The voluntary blood sample obtained in a subgroup of infants at 17 weeks of age did not reveal any statistically significant differences between intervention groups. The serum urea levels are within normal ranges and the values for the subgroup of the PHF-fed infants observed in the current study (median of 18.0 mg/dL) are in line with previously reported values for 4-month-old infants consuming this PHF (median of 20.5 mg/dL) [19]. Interestingly, breastfed infants had lower serum urea levels and a lower body weight at four months of age compared to both formula groups, as reported previously [34,35], and this can be (partially) attributed to differences in protein quality and quantity [36]. Although substantial improvements in the protein quality and quantity of infant milk formulas have been made over the last few decades, the evaluated infant formulas in the current study still contained a higher protein content compared to breastmilk. Still, this study showed that the study formulas supported infant growth efficiently, given the proximity to the WHO standards, without resulting in excessive serum urea levels. However, the lower growth velocity and serum urea levels in breastfed infants suggest that there is a window of opportunity to further optimize the protein quality of the investigated infant formulas.

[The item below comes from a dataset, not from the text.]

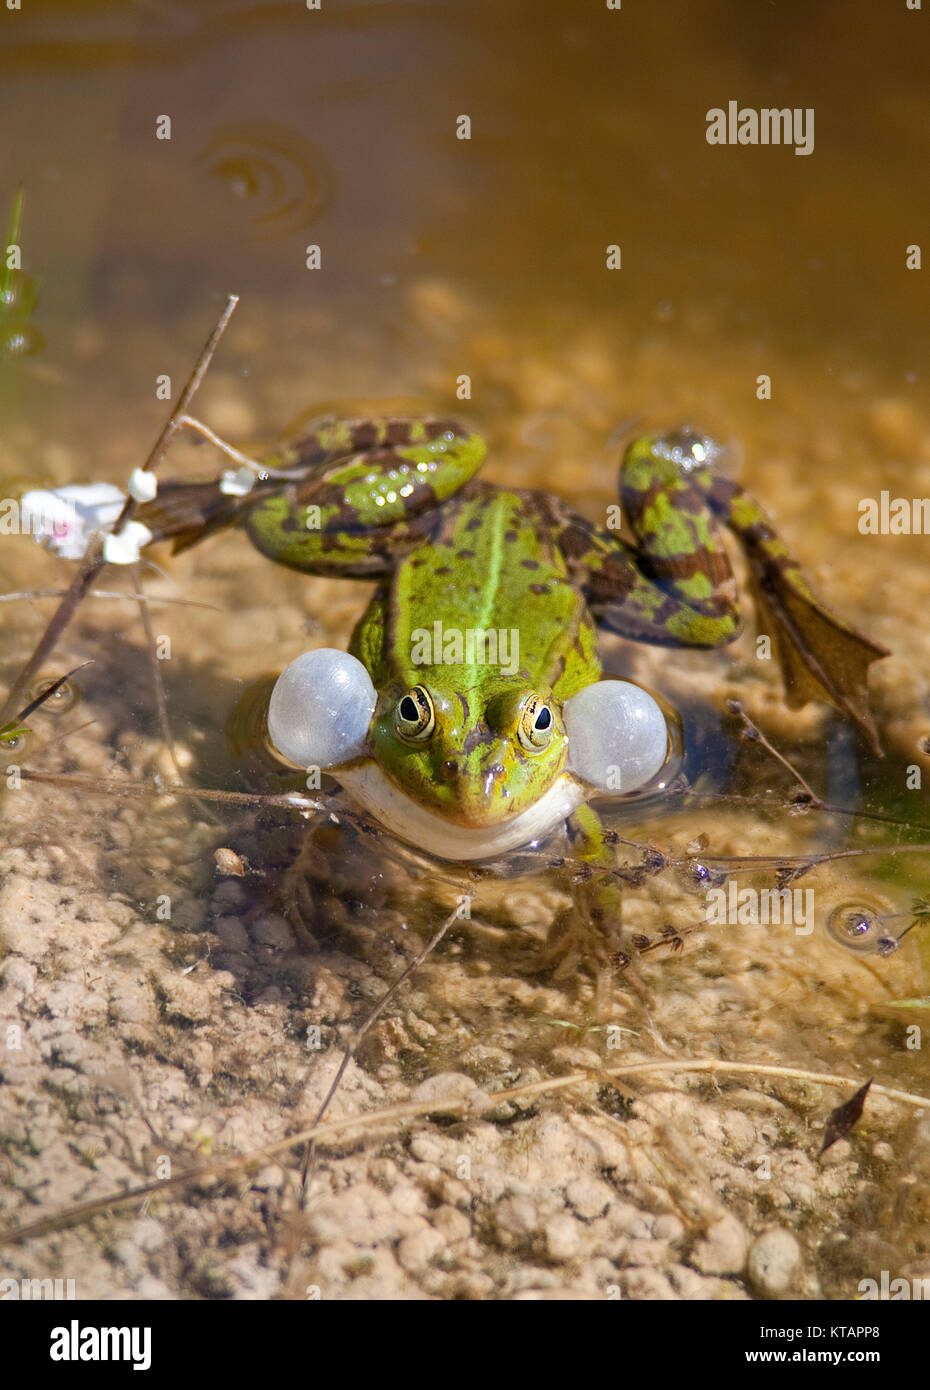 Wasserfrosch, gemeinsame Wasser Frosch (Rana kl. esculenta), auch genannt grünen Frosch, in einem Teich in Middelhagen, mönchgut, Insel Rügen, Ostsee, Deutschland Stockfoto
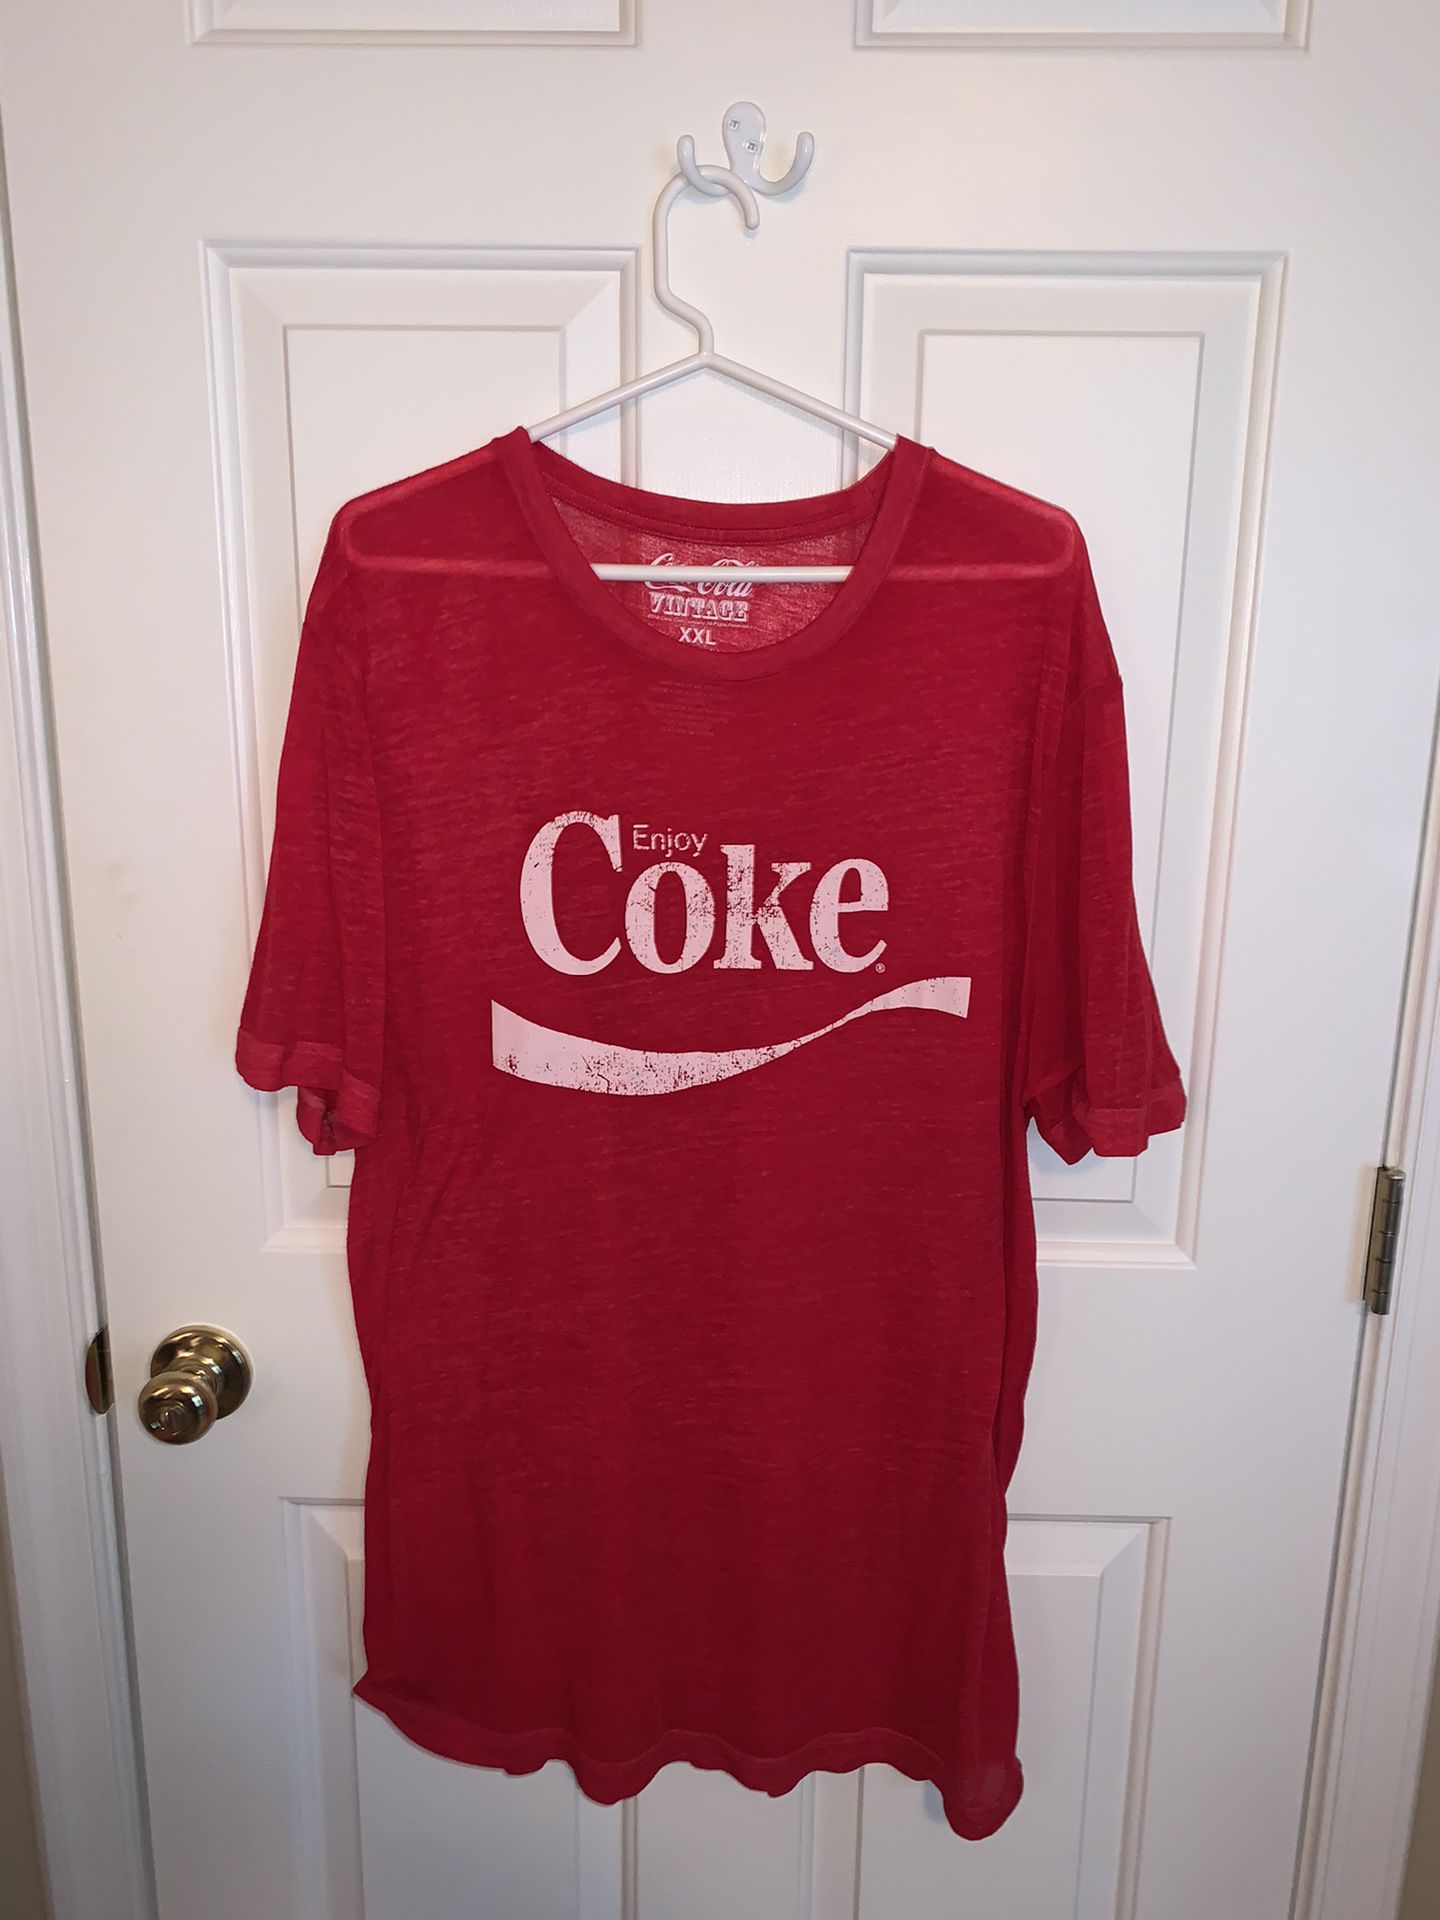 Vintage Coca Cola “Enjoy Coke” T-Shirt - XXL 2XL

We consider the randomized, double-blind, controlled study design, the confirmed powered sample size and the applied high-quality standards during study conduct and evaluation to be the key strengths of this study. However, this study also has some limitations. A total of 15 study sites in six countries participated in the study. The implemented trainings and strict manuals shared with the investigators for the measurement and sampling procedures might not have fully overcome the potential increased variation in study outcomes due to the high number of study sites. Potentially, this might have contributed to the higher re-estimated required sample size during the blinded interim analysis. Conversely, one could argue that having a substantial number of study centers in a multi-country setting will increase the representativeness of the study results. Blood samples were only available for a subgroup of infants, which requires caution regarding unintended bias when interpreting these results.

In conclusion, the investigated partially hydrolyzed whey protein-based infant formula was demonstrated to support adequate infant growth, equivalent to a standard intact cow’s milk protein-based formula, and it is well-tolerated and safe for use in healthy, term infants.